I’m slowly making progress on my KK7B R2/T2 transceiver project. At my last report, I was waiting for replacement capacitors to arrive. They did, and I pulled out my ancient solder-removal iron, a Radio Shack unit from who knows how long ago.
Either my unsoldering skills are rusty or I was too impatient, or both. I managed to lift four pads, completely demolishing one. The other three were salvageable. I’d like the board to be perfect, but having it work is an acceptable substitute.
The new caps went in easily, with only a little fiddling to wire around the ruined pad. Better yet, the excessive bias current I saw before the replacement is gone! The board is supposed to be adjusted to 100 mA current. It used to start at 120 mA, with the bias adjustment set to its minimum, and drift its way up to more and more current from there (going as high as 200 mA before I’ve lost my nerve and switched it off). Now it starts at 84 mA and… drifts its way up from there to 130 mA and more.
OK, so one problem was solved. I can always increase current with the bias adjustment potentiometer.
After scratching my head a bit, I finally noticed one small sentence in KK7B’s articles on the R1 and R2. The audio output transistors need a heat sink, do they? Oops! I dug around a bit in my junk box but couldn’t find anything that would fit. The articles say the audio amp will drive a pair of headphones fine without the output transistors, so I decided to take them out.
I recently got a Sparkfun hot-air soldering station (a Sparkfun Free Day prize!) and thought I’d give it a shot. Sure, hot air is usually for surface-mount parts, but solder is solder, right? Not being sure how to set the airflow and temperature settings, I set both on the high side, put some flux on the output transistors’ pads, and went for it. The result wasn’t pretty:
Yes, I scorched the board. Oops. Between this and the lifted pads, I think I need to work on my unsoldering skills.
Since the transistors are 50 cent parts (TIP29/TIP30), I unsoldered them the easy way: I cut the leads, removed the leads from the board with my conventional iron, then cleaned out the holes with my solder sucker. I didn’t damage any pads this time! (The picture above was taken after all of these steps.)
A little more soldering to hook up a BNC and some other goodies, and the board was alive!
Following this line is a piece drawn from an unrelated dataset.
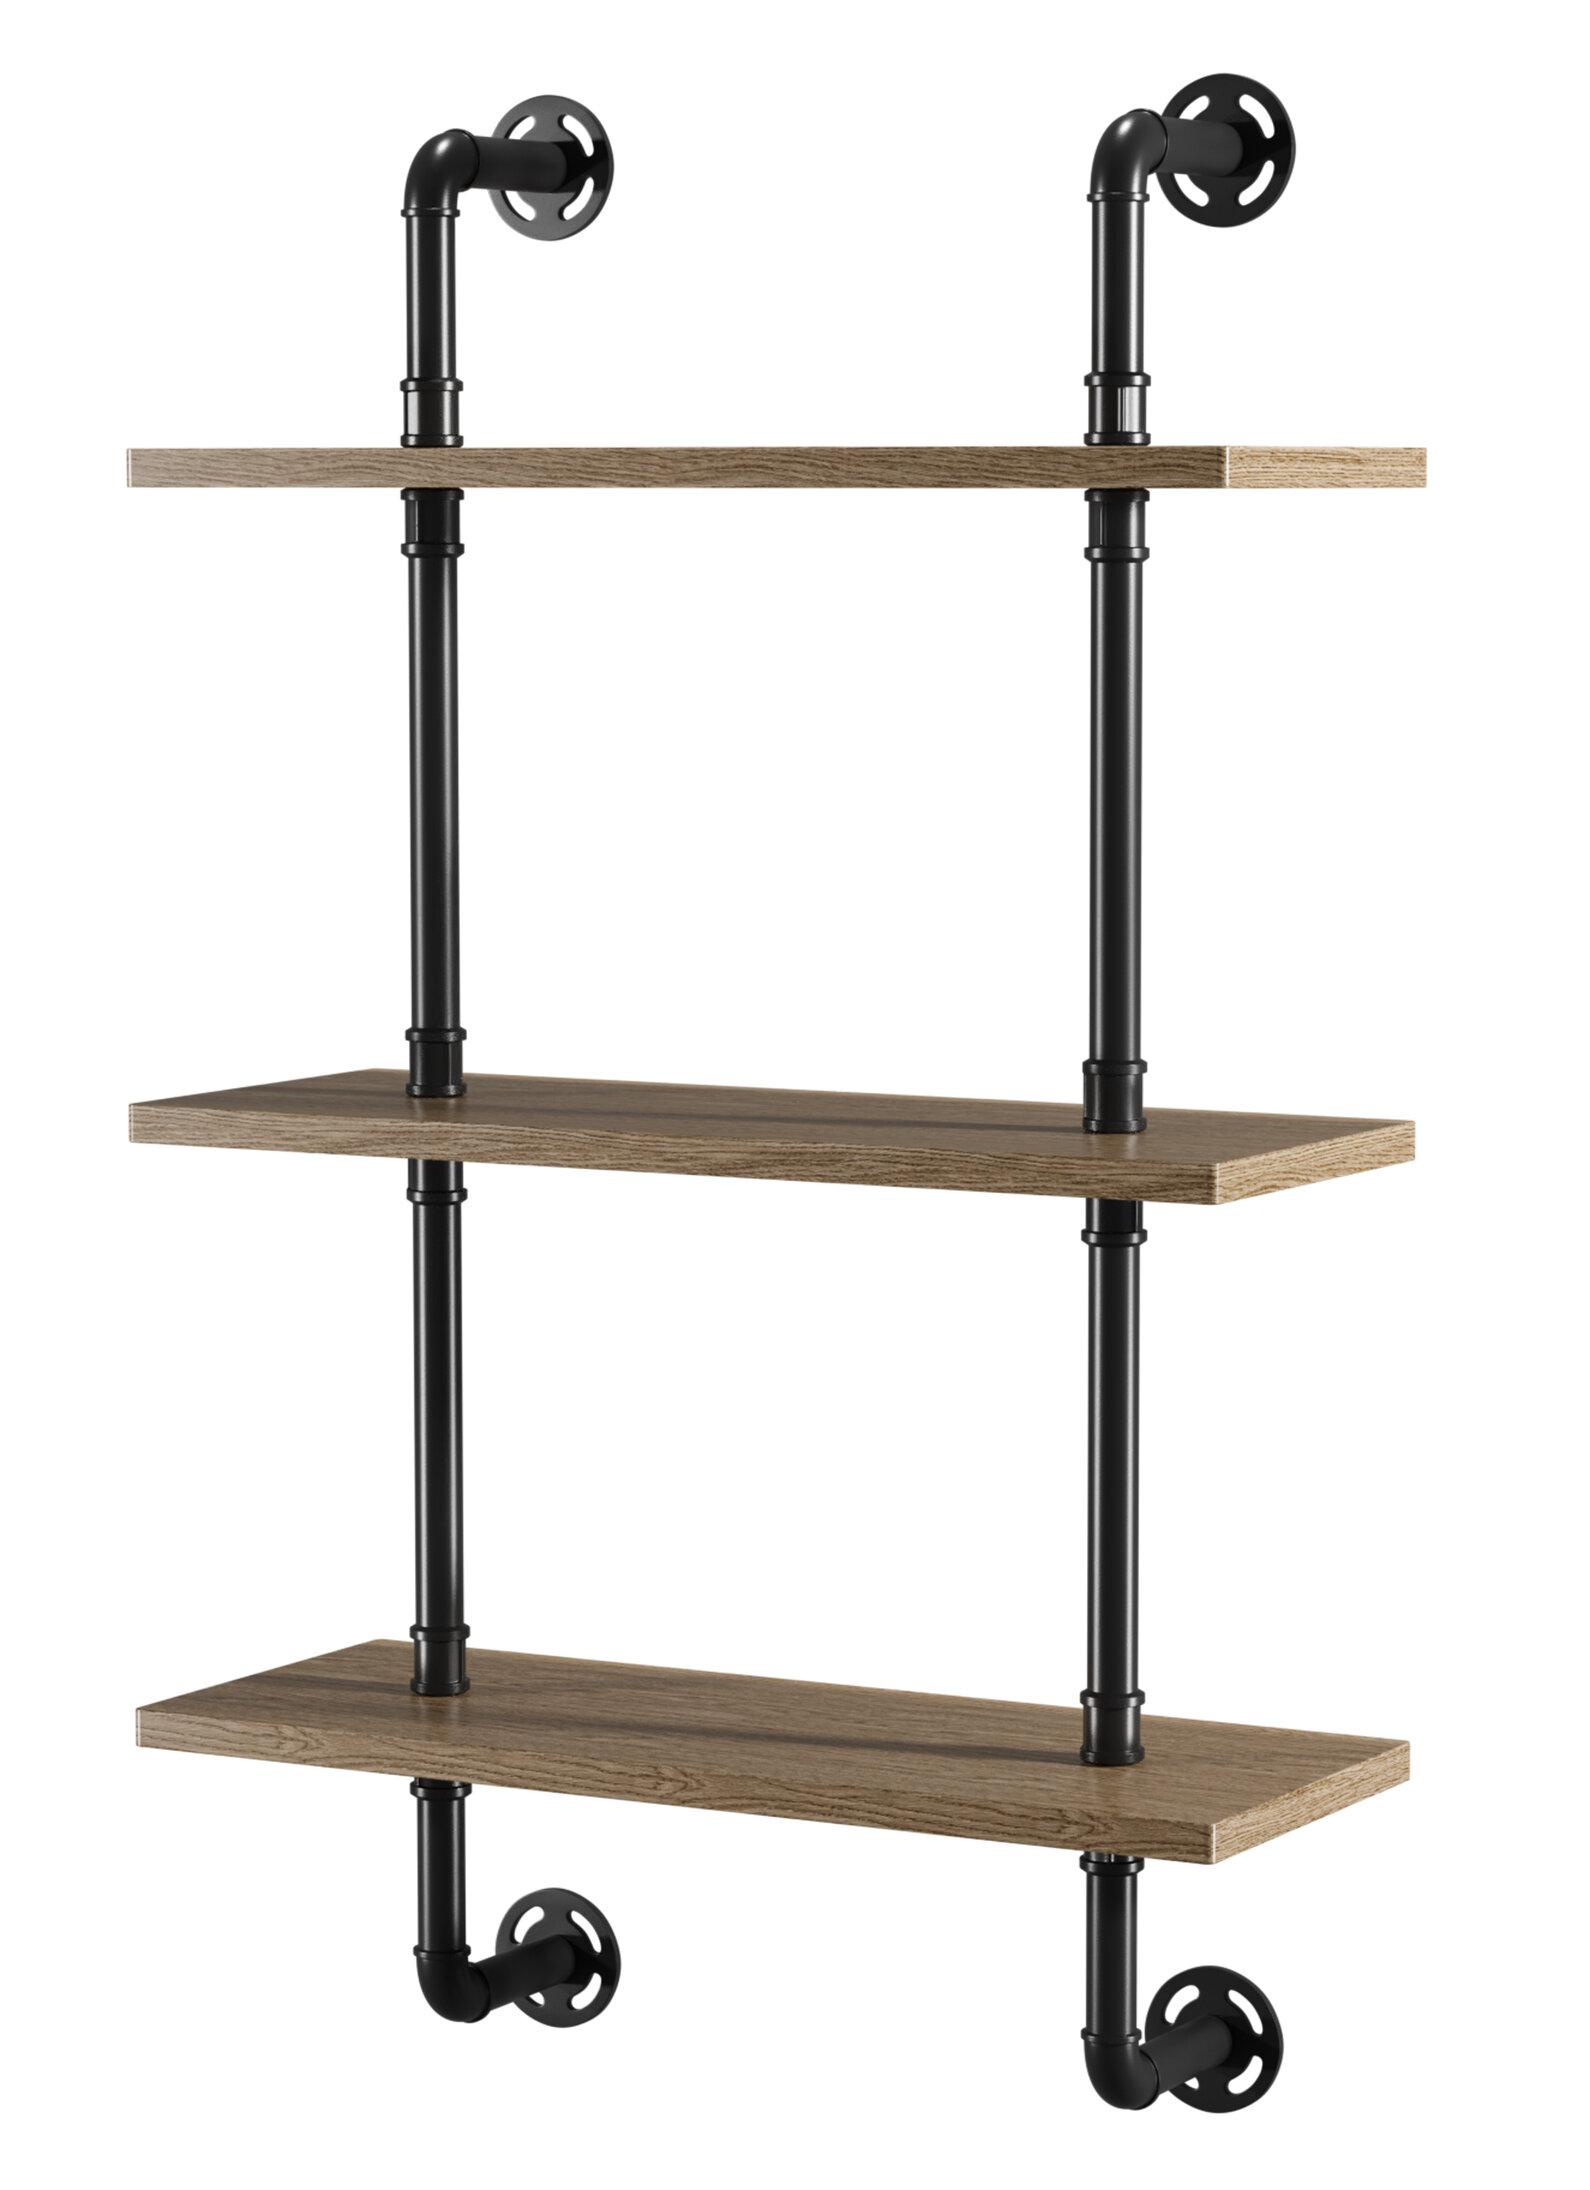 Wayfair S Picks For Collegemetal Wall Display Shelves You Ll Love In 2021 Wayfair

That’s a Tek 191 signal generator as the VFO (variable frequency oscillator), with a frequency counter as the readout. That’s an MFJ QRP antenna tuner in the foreground.
I didn’t build a phasing network yet, so I drove only one VFO input. That causes the R2 to function like a conventional direct-conversion receiver,receiving both sidebands simultaneously. That said, it works. I was able to hear signals, though frankly many were quite hard to copy. I’m not sure what else might be wrong.
The frequency counter spits out a lot of digital noise. I learned to flip it on only to spot-check my frequency. It’s a lot quieter in standby mode.
Did I mention that IT WORKS?
Despite the success, I’ve been struck by a bit of paralysis in moving forward. There are so many choices to make for integrating the radio.
- What kind of VFO should I use? Should I design my own or buy a kit?
- Which modes should I include?
- How much power output do I want?
- What power amp should I use? Should I design my own or buy a kit?
- Which case should all of this go in?
- What microphone, and microphone connector, should I plan for?
Keep in mind that this is supposed to me my fast route to getting on the air, so I’m thinking kits for both the VFO and amp. Besides, with as busy as it has been at work lately, it is nice to sit back and just build something.
It’s not a pretty project any more, but it works! Hooray!